» DATA SECTION:

════════

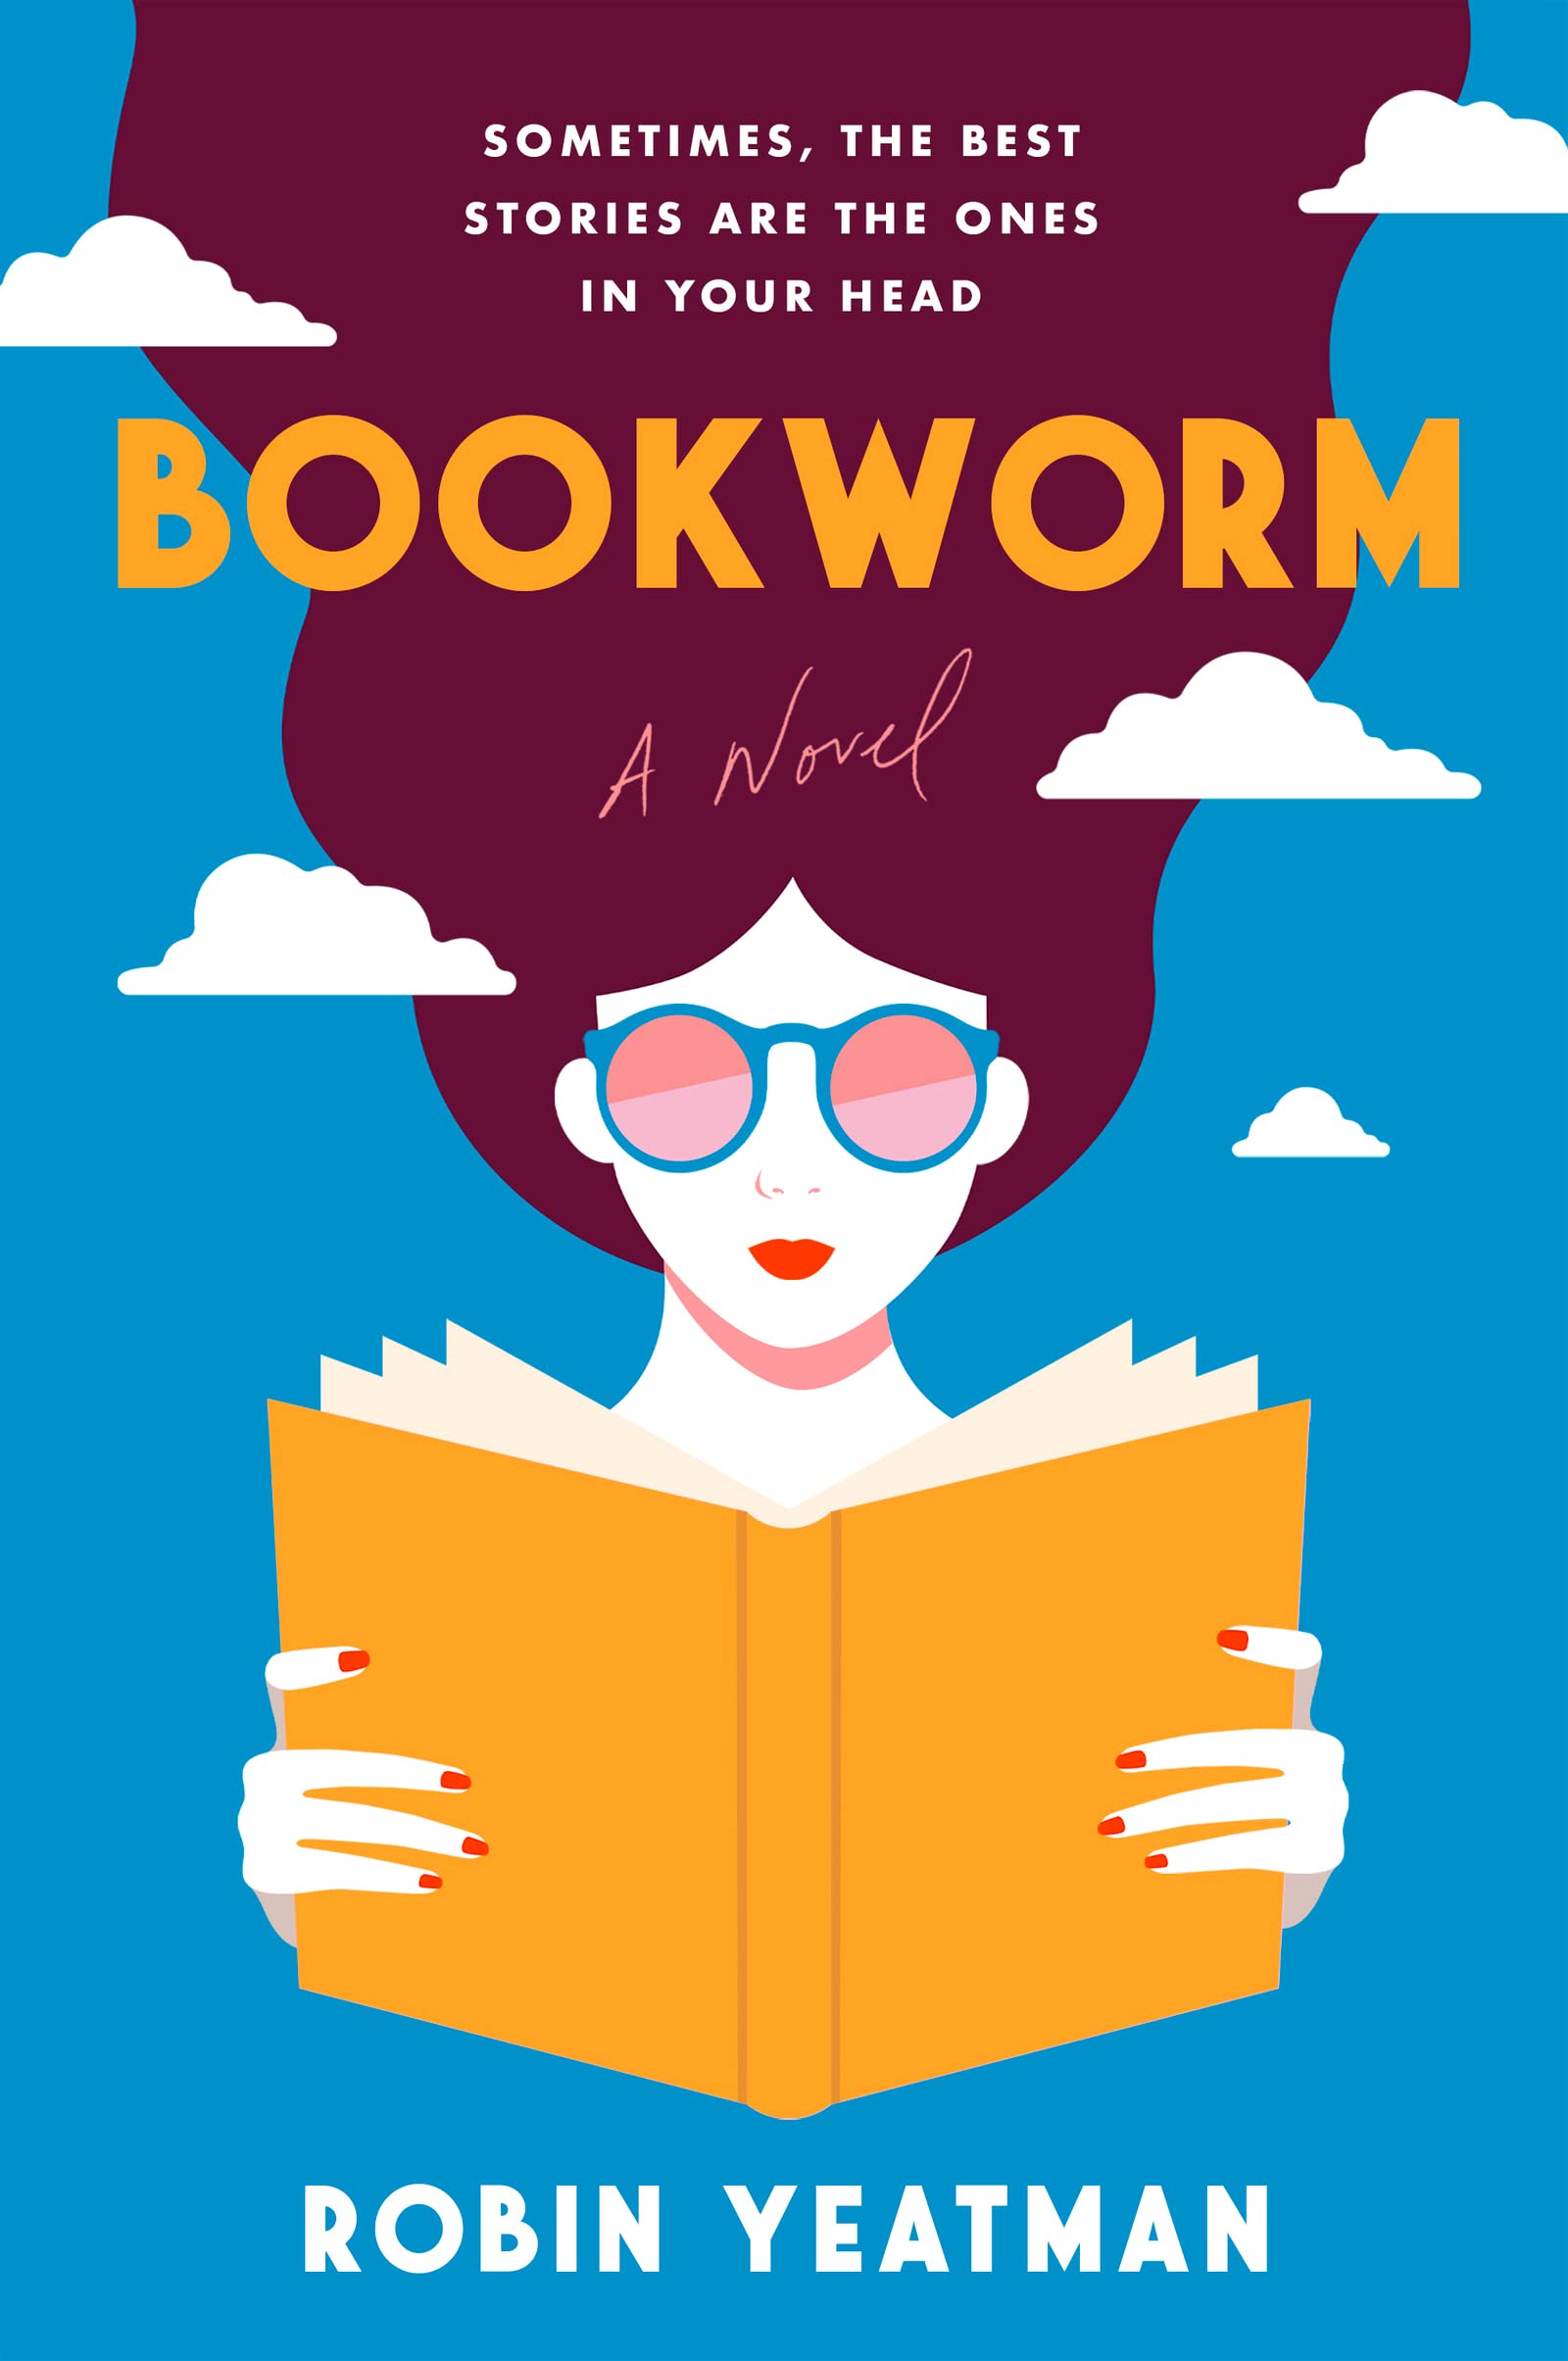 Image for "Bookworm"
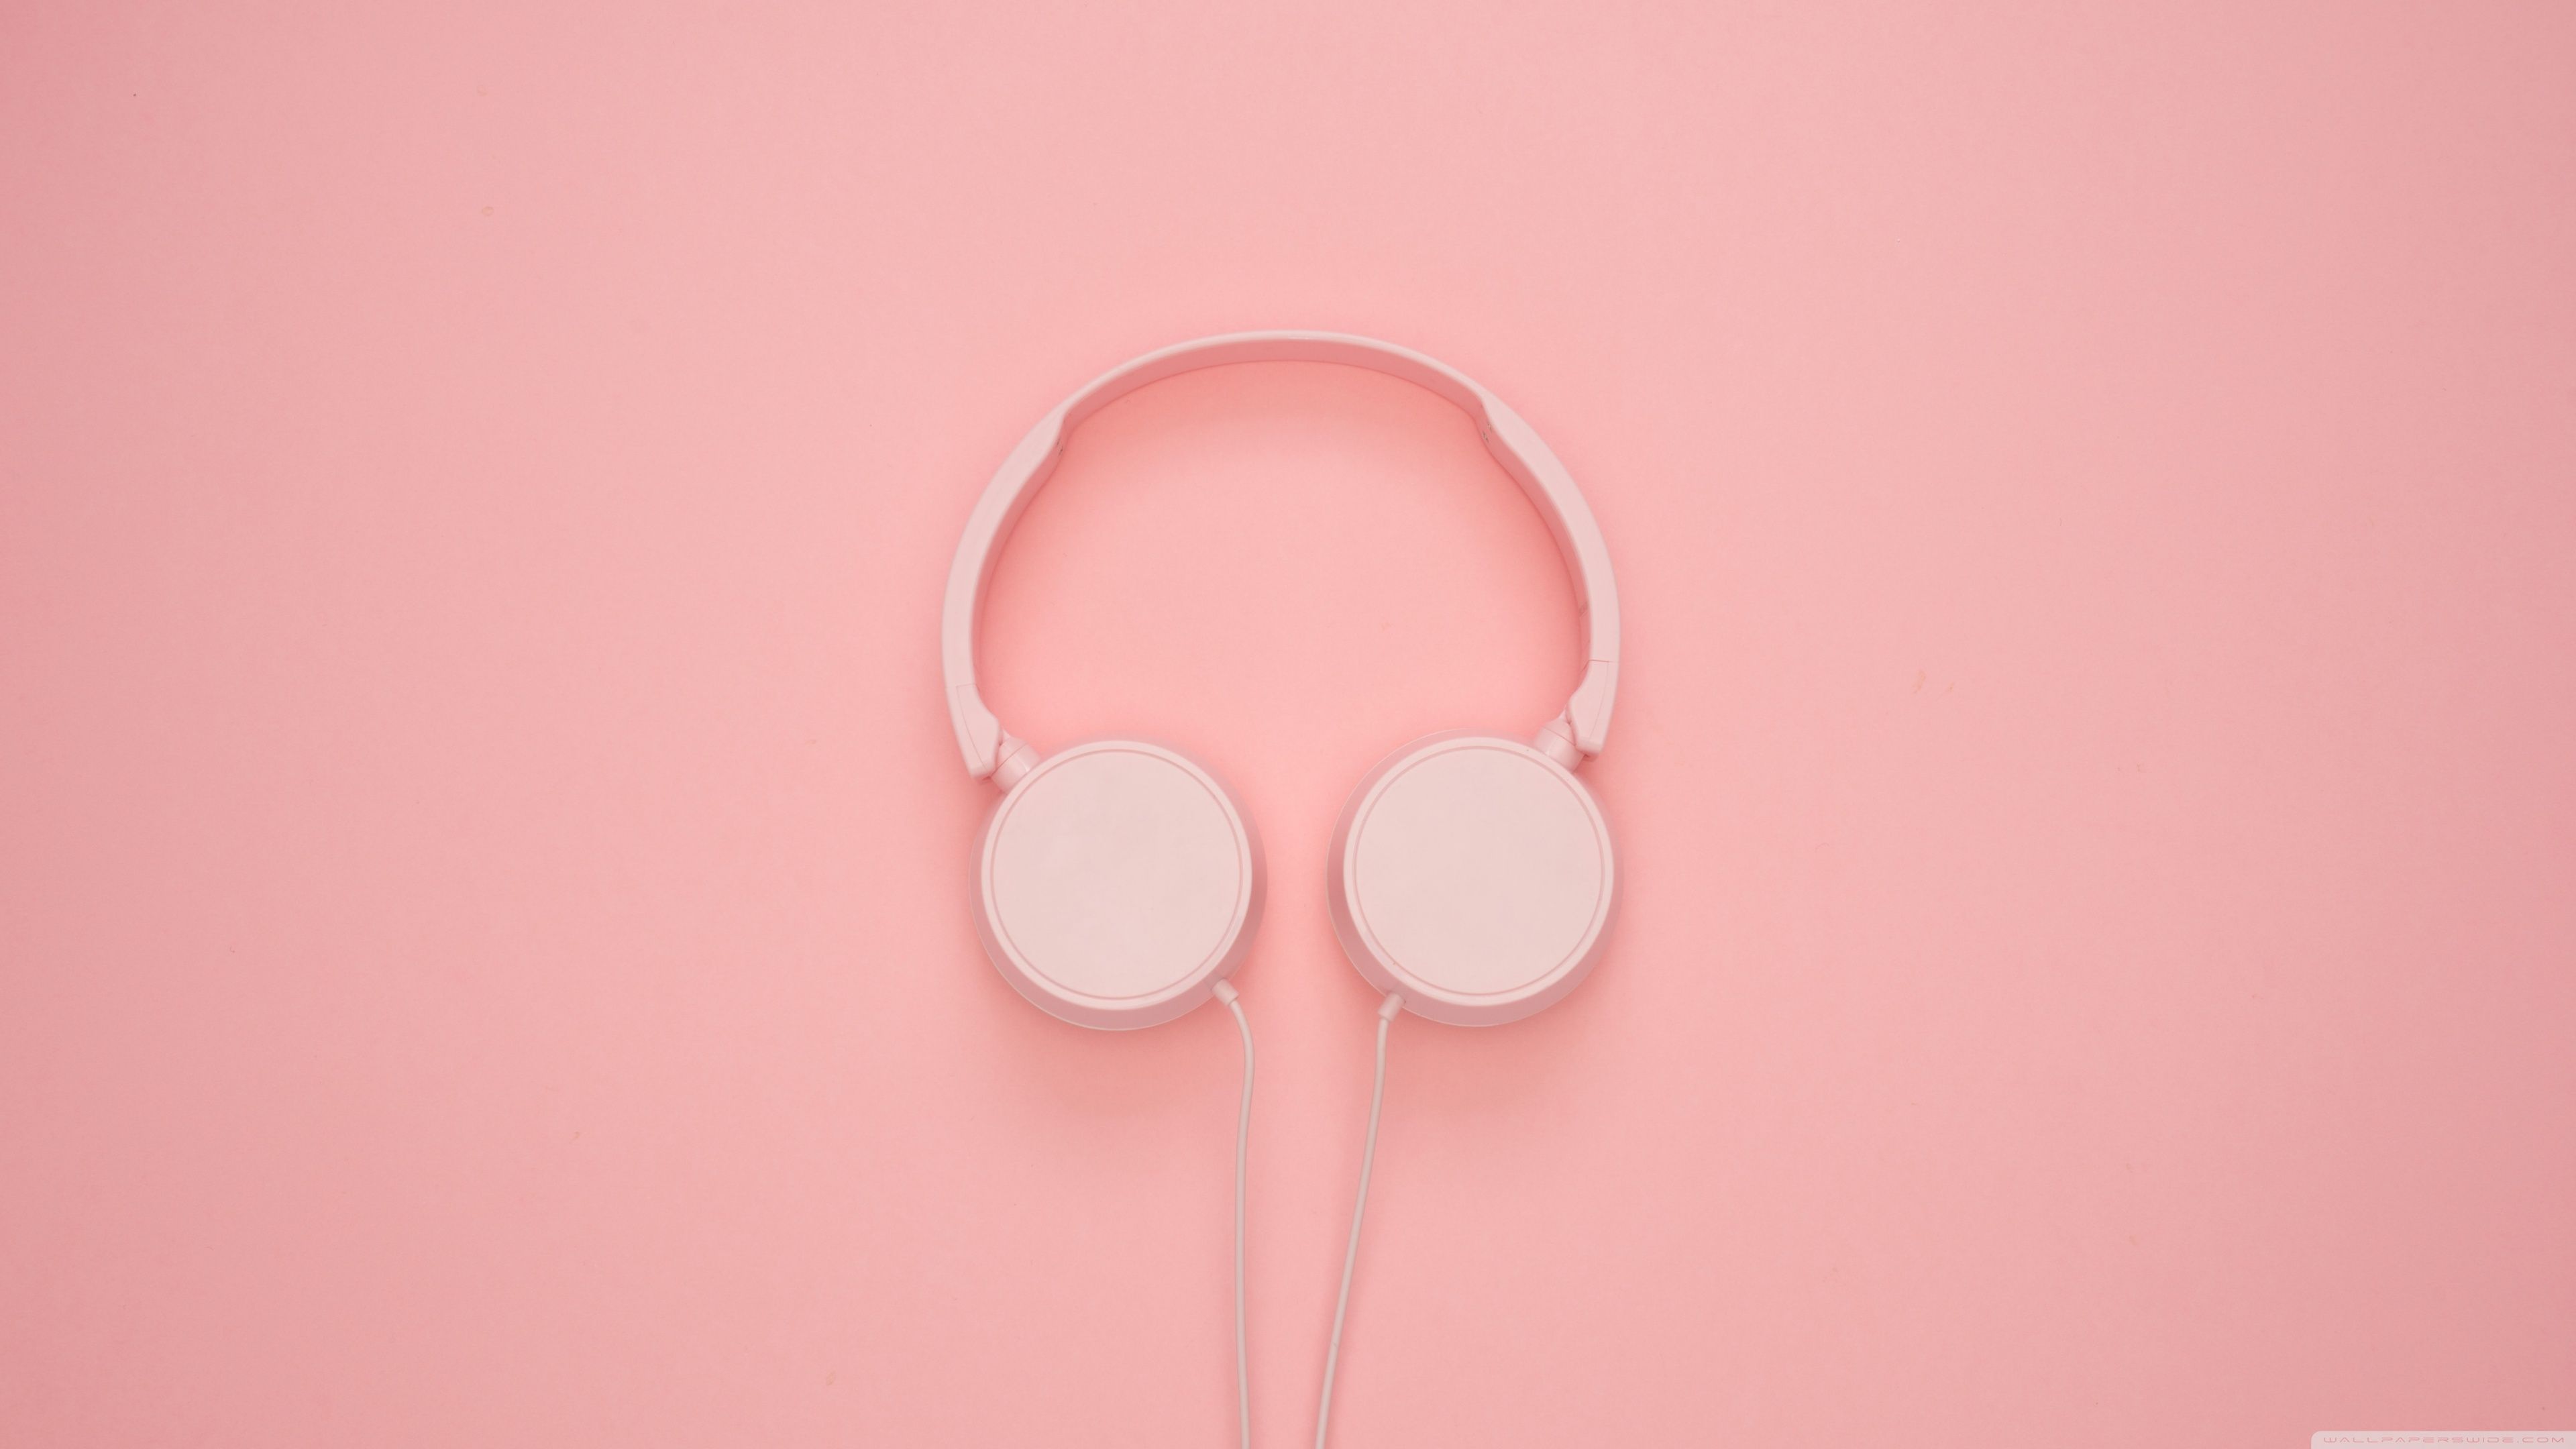 A pair of white headphones on a pink background - 3840x2160
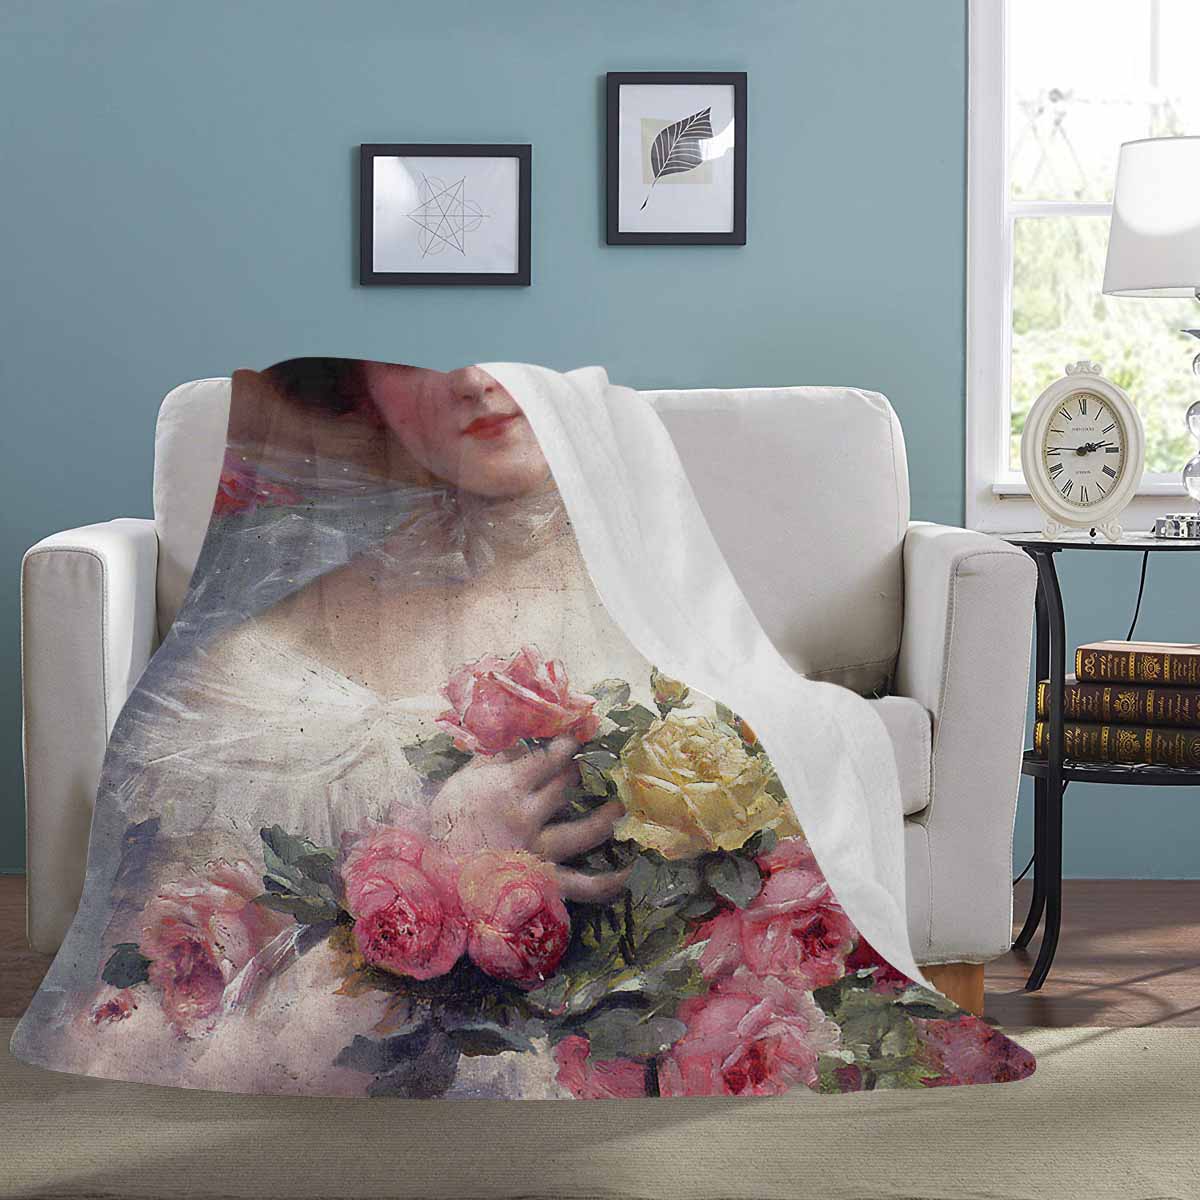 Victorian Lady Design BLANKET, LARGE 60 in x 80 in, BEAUTY WITH FLOWERS

════════

» WORK ORDER:
Could you print the data exactly as it appears and keep the pictures out?

» RESPONSE AREA:
 Image for "Bookworm"
 A pair of white headphones on a pink background - 3840x2160
 Victorian Lady Design BLANKET, LARGE 60 in x 80 in, BEAUTY WITH FLOWERS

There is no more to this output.